### Exercise details
Write out again, exactly as they appear, the lines from the start of the data below through the line with "Nouveau produit TYT"; no pictures.

### Given data
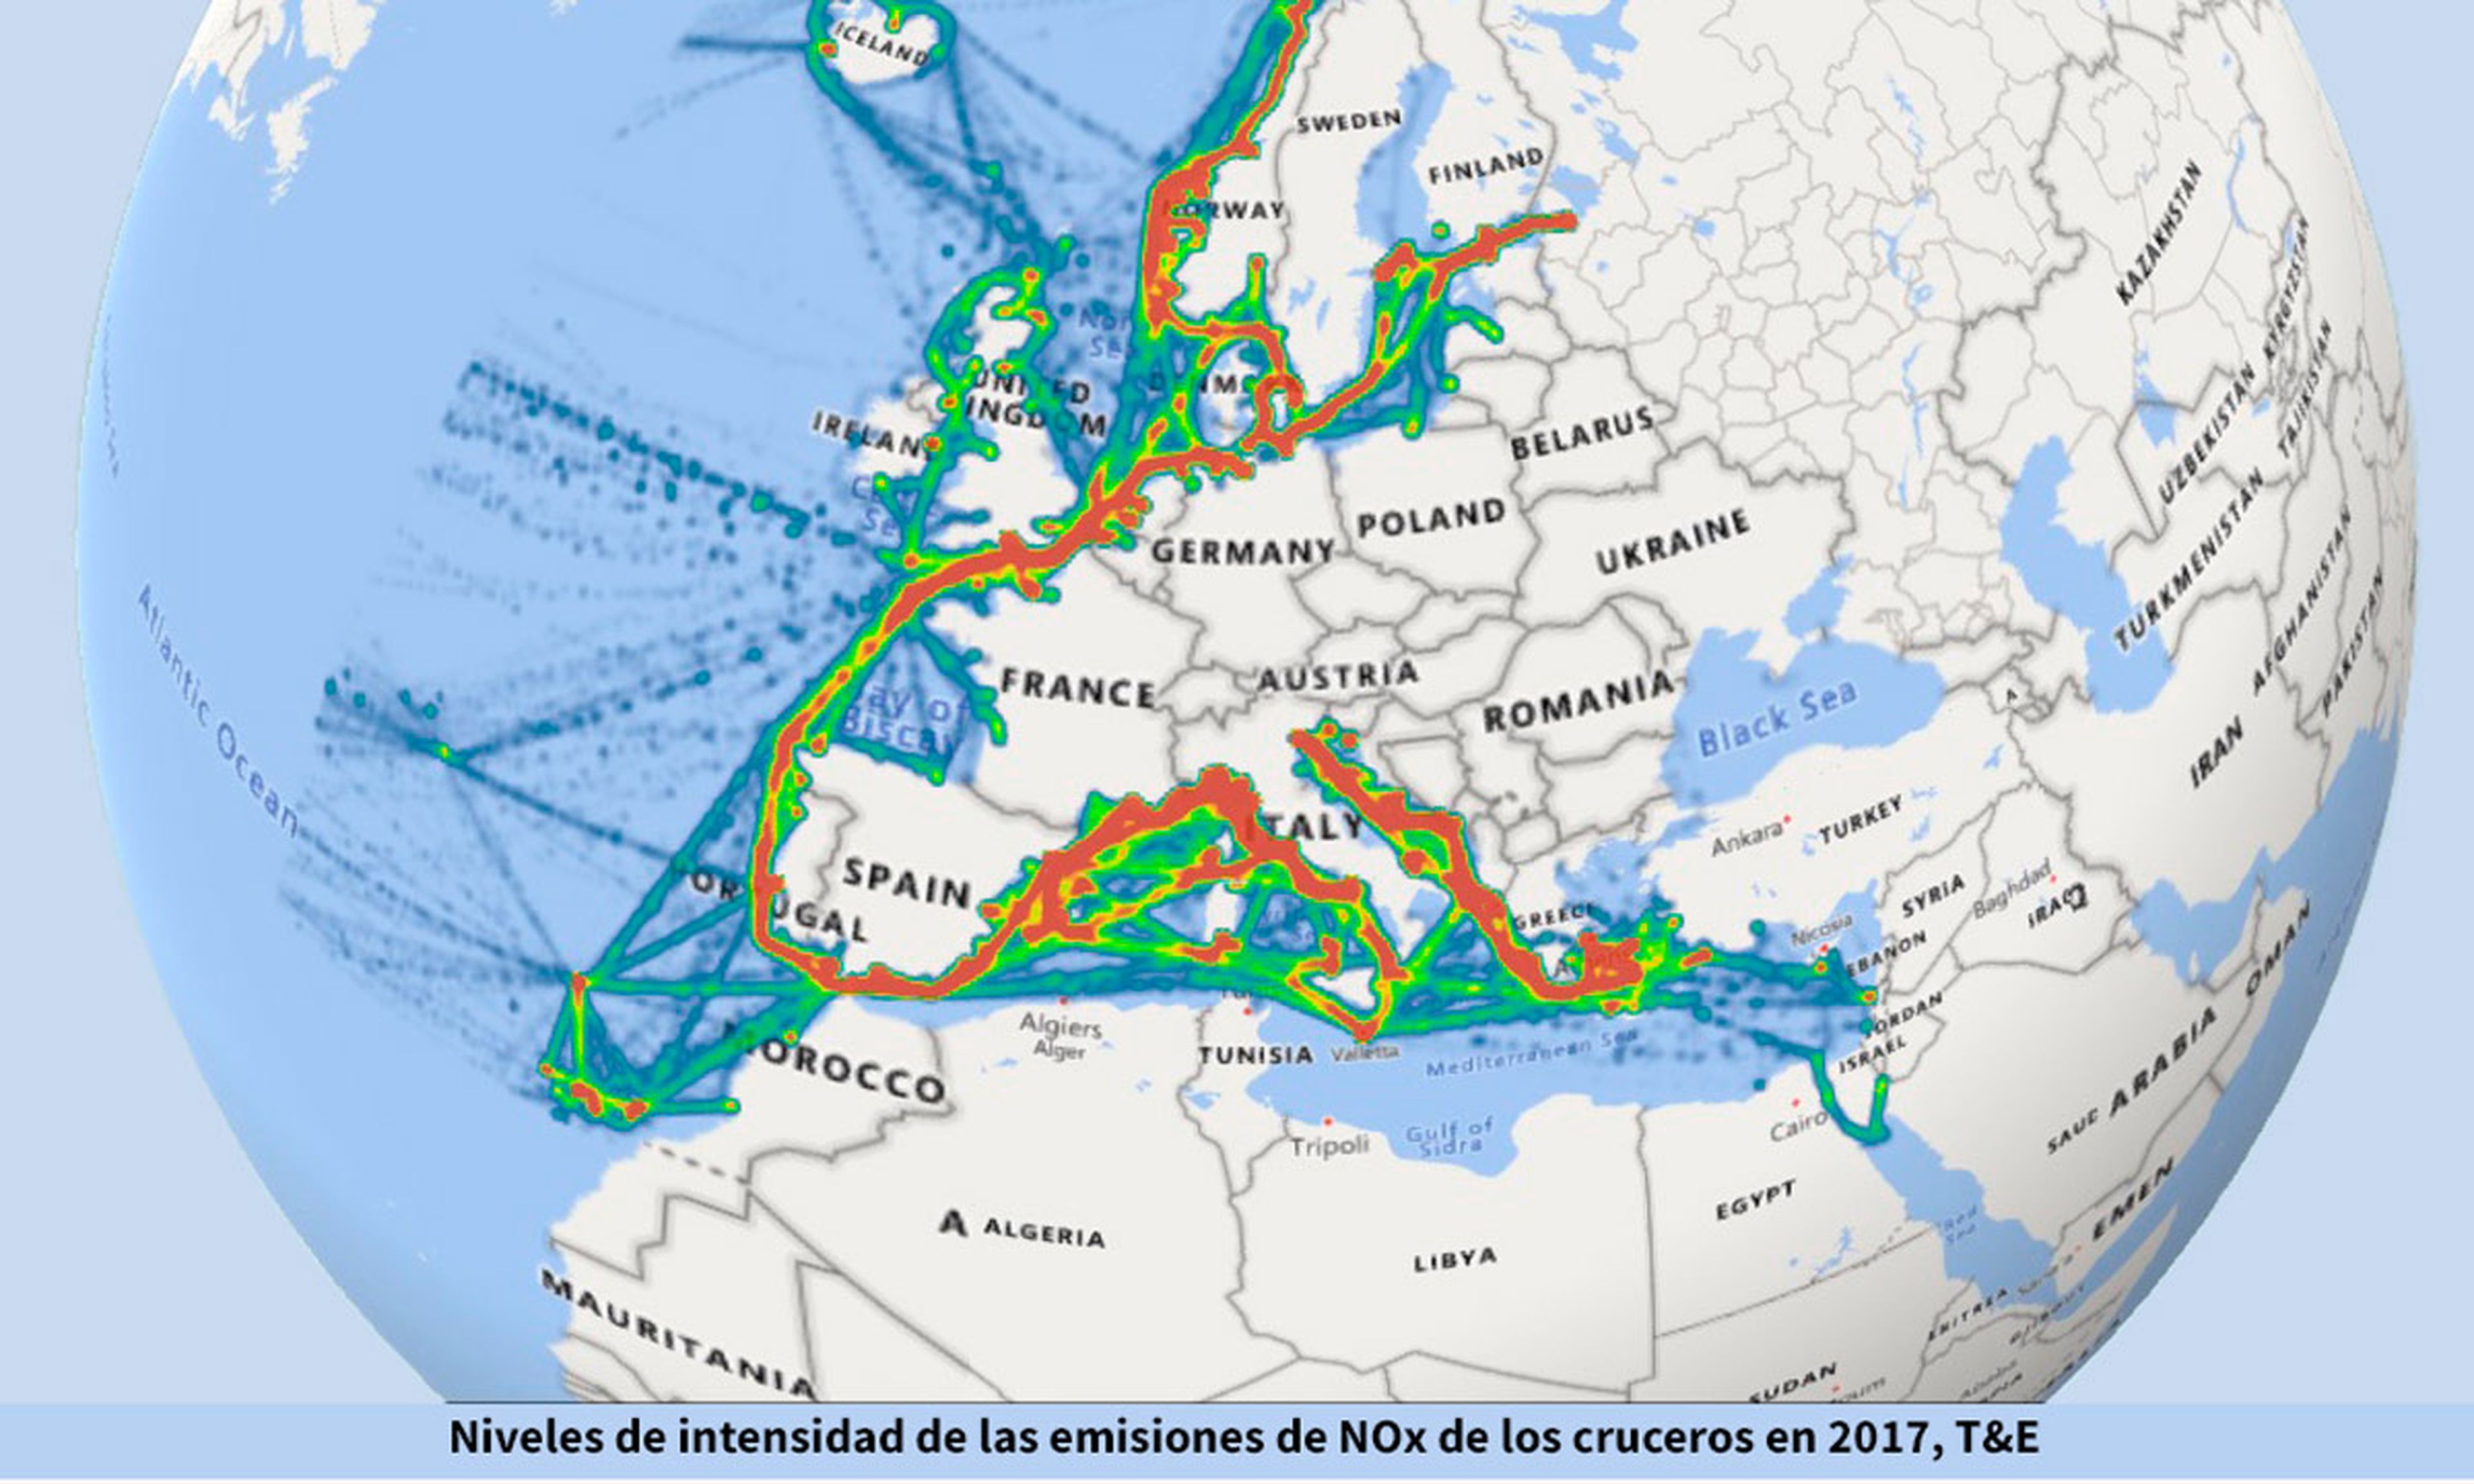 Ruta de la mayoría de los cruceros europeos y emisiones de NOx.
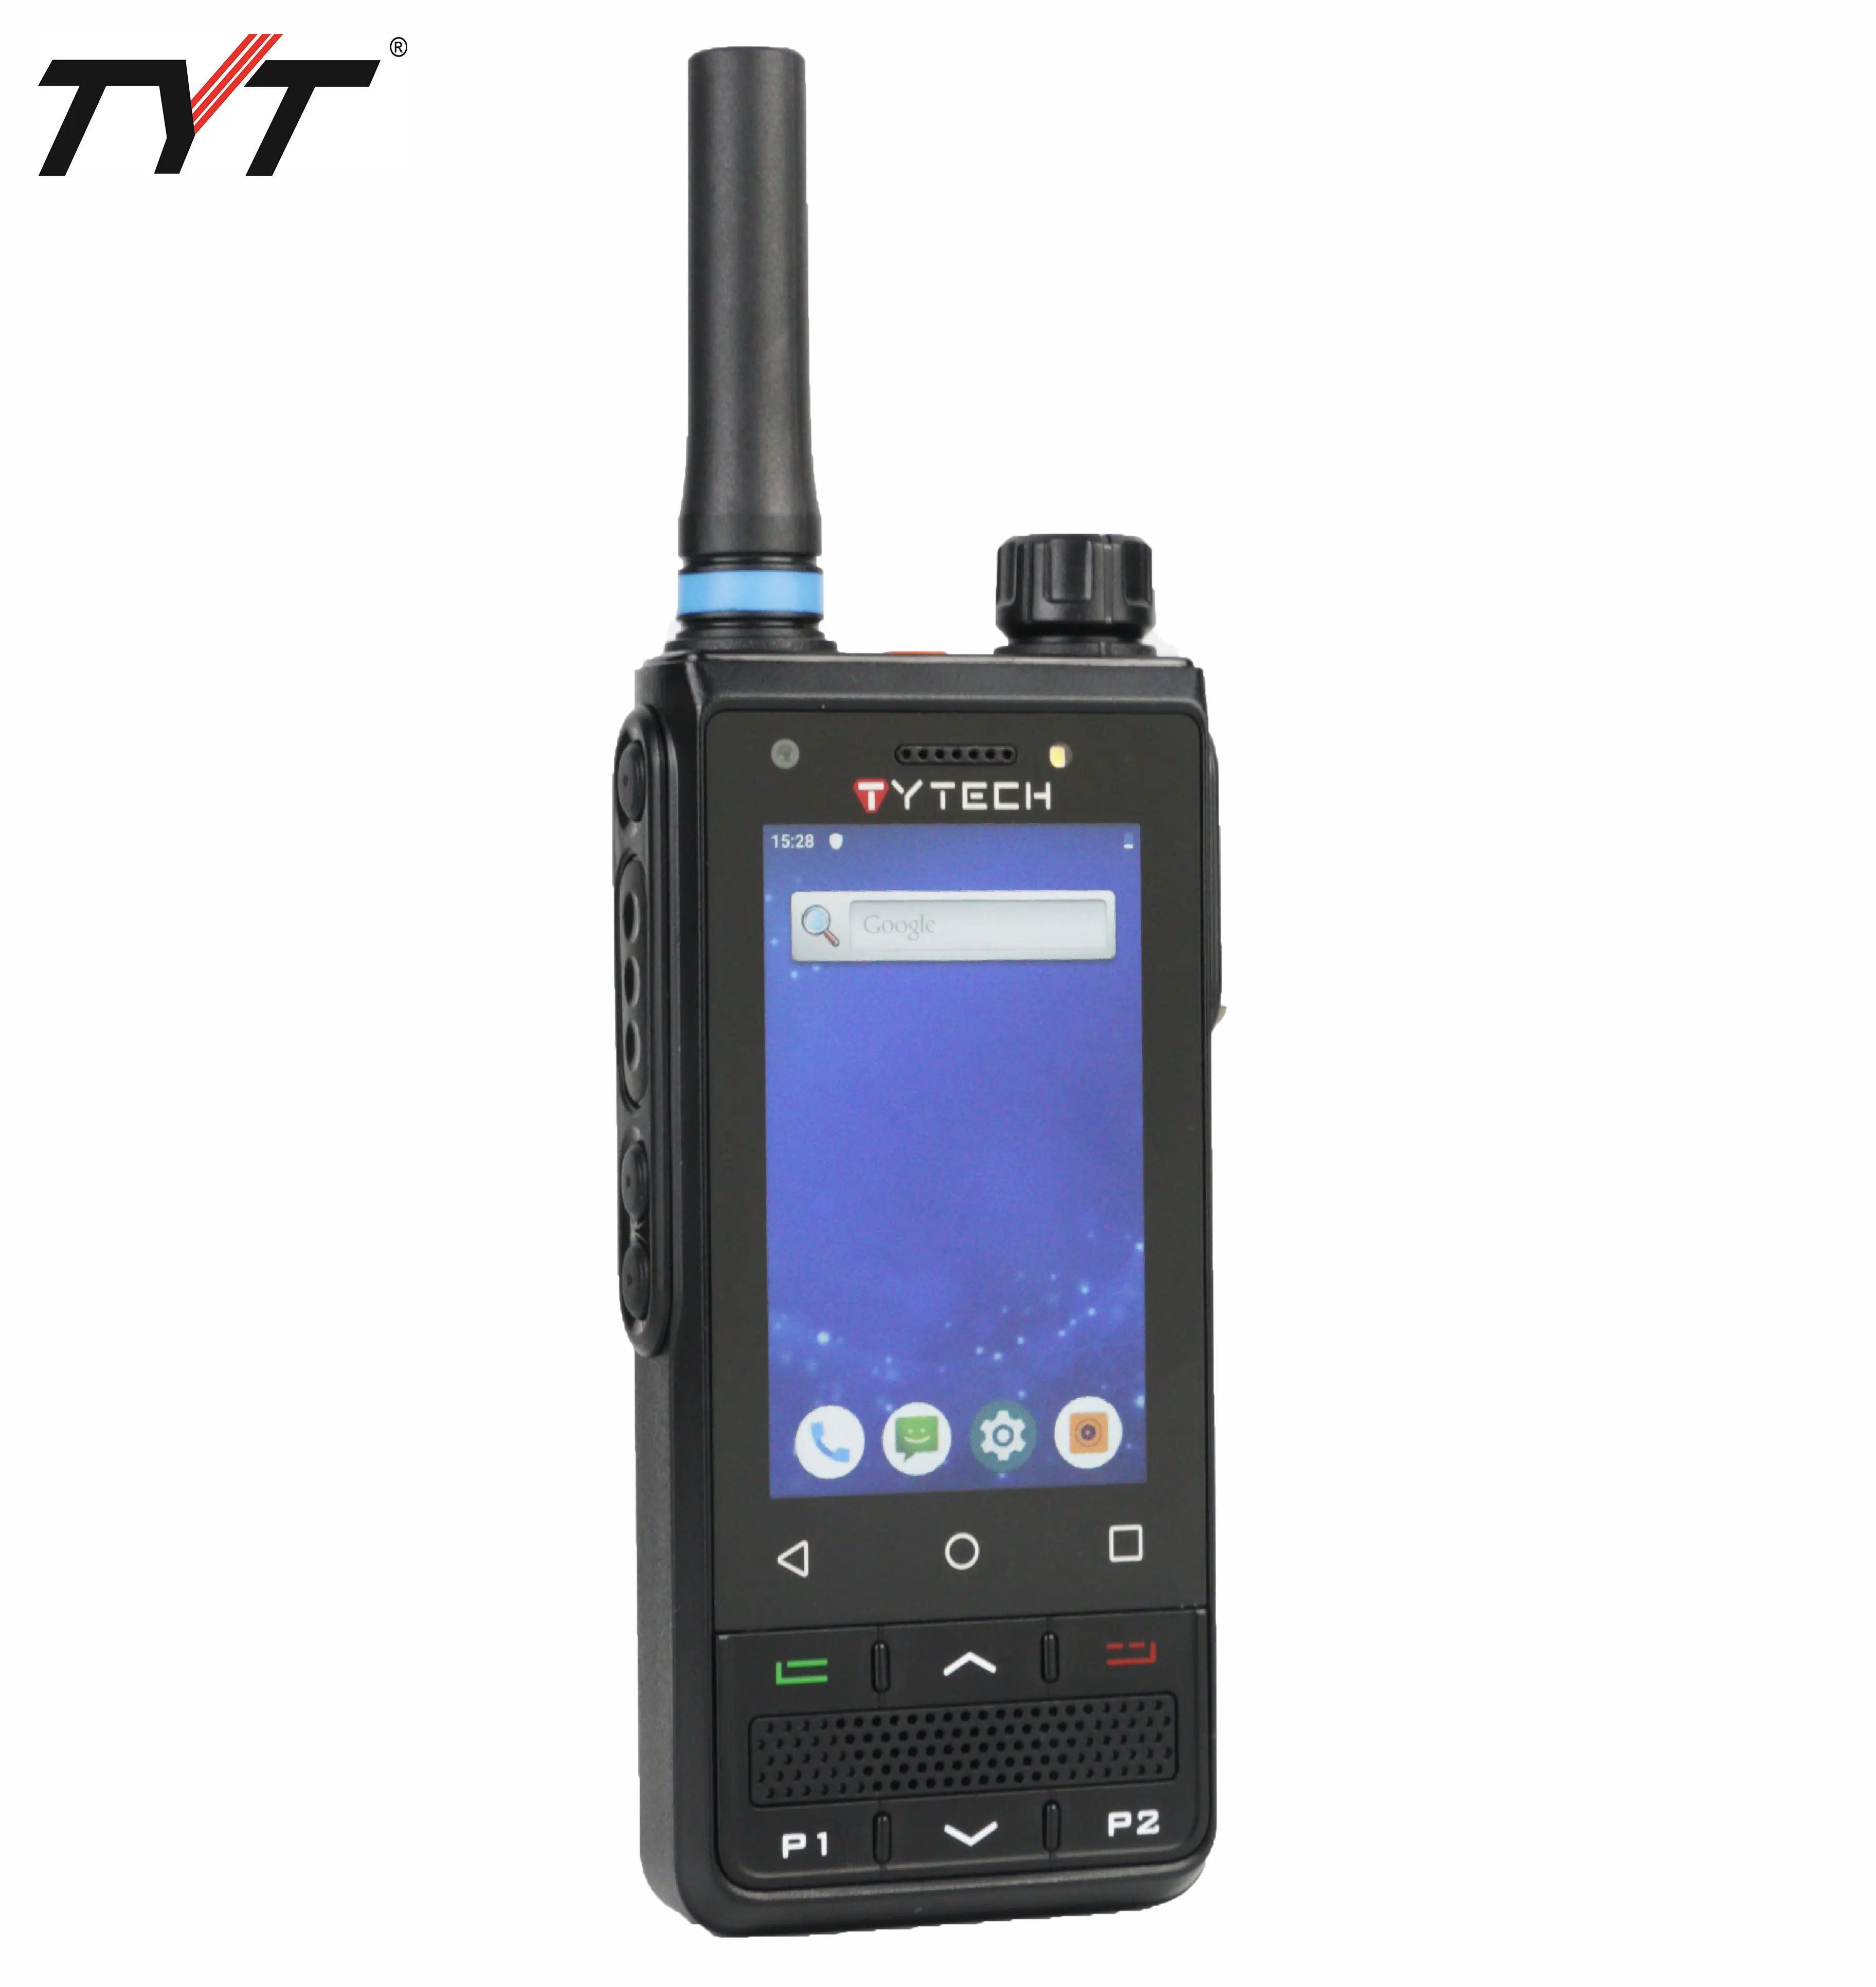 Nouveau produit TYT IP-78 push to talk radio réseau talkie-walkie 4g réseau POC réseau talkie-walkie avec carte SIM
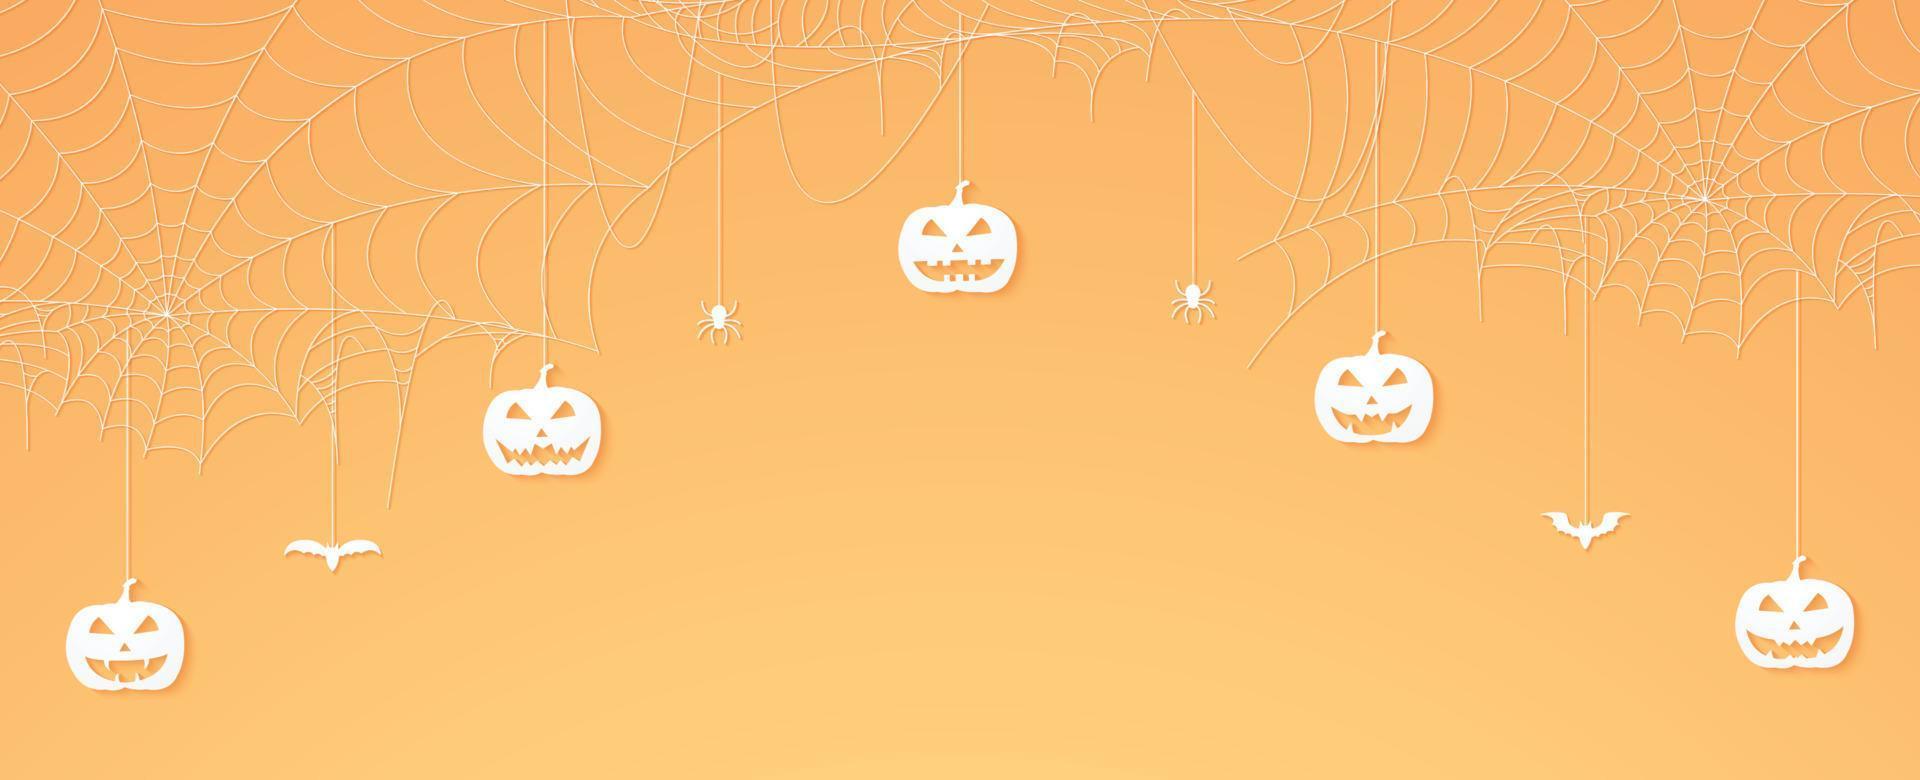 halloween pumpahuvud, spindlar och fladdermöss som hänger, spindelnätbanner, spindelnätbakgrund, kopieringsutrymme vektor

### Response for this exercise
 Ruta de la mayoría de los cruceros europeos y emisiones de NOx.
 Nouveau produit TYT IP-78 push to talk radio réseau talkie-walkie 4g réseau POC réseau talkie-walkie avec carte SIM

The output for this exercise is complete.